→ Task:
All lines from the entries below that contain the string "Para" should be copied out.

Source records:

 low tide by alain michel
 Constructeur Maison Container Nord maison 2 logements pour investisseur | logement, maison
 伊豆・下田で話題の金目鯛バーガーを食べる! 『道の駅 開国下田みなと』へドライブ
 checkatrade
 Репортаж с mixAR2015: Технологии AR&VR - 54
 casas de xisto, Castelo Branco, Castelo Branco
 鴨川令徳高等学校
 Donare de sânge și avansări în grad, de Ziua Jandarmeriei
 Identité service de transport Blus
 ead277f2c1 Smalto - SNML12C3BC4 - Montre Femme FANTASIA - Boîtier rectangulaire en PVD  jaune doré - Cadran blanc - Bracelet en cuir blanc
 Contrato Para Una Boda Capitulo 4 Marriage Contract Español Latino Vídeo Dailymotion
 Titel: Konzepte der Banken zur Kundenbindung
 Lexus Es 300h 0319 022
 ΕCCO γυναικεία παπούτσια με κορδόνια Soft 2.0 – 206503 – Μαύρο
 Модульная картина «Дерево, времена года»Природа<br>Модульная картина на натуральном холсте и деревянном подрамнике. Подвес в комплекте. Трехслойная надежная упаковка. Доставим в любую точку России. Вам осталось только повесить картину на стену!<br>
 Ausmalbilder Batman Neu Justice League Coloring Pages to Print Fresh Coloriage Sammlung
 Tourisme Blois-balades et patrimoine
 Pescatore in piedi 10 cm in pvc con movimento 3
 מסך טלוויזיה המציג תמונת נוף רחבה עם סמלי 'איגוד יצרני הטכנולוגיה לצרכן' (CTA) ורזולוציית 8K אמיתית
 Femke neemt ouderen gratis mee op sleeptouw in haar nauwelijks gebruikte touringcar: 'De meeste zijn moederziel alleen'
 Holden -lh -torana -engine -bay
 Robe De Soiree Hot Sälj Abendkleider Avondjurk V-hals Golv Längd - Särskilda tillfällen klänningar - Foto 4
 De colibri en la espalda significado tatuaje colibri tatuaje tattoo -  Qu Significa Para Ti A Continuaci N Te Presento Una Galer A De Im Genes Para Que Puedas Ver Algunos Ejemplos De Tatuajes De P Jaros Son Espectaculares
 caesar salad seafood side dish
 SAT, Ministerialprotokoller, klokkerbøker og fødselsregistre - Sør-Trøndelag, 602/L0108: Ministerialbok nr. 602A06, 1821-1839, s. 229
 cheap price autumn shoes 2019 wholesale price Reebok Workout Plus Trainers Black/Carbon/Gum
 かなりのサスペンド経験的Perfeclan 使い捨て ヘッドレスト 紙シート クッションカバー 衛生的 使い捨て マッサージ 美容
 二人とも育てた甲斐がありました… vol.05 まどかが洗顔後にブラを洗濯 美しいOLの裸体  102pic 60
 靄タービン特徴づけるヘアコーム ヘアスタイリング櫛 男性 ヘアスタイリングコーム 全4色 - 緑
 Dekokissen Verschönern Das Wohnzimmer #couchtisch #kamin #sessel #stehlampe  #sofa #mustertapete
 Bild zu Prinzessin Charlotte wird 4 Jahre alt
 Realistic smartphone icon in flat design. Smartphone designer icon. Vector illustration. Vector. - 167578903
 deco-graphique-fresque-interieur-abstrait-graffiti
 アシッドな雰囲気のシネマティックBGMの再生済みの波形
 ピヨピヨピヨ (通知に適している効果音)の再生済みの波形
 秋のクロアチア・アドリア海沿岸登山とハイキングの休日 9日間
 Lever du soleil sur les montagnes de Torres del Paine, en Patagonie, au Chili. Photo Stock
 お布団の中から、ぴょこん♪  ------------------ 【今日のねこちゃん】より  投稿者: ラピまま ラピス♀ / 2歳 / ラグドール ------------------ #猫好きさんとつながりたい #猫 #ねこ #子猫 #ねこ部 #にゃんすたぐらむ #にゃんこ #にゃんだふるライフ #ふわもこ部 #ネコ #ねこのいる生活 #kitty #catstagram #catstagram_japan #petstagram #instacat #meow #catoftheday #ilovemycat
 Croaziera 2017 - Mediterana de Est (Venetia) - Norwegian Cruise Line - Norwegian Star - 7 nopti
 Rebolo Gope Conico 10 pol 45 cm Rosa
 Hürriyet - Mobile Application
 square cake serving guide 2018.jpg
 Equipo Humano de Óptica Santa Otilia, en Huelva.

→ Answer:
 Contrato Para Una Boda Capitulo 4 Marriage Contract Español Latino Vídeo Dailymotion
 De colibri en la espalda significado tatuaje colibri tatuaje tattoo -  Qu Significa Para Ti A Continuaci N Te Presento Una Galer A De Im Genes Para Que Puedas Ver Algunos Ejemplos De Tatuajes De P Jaros Son Espectaculares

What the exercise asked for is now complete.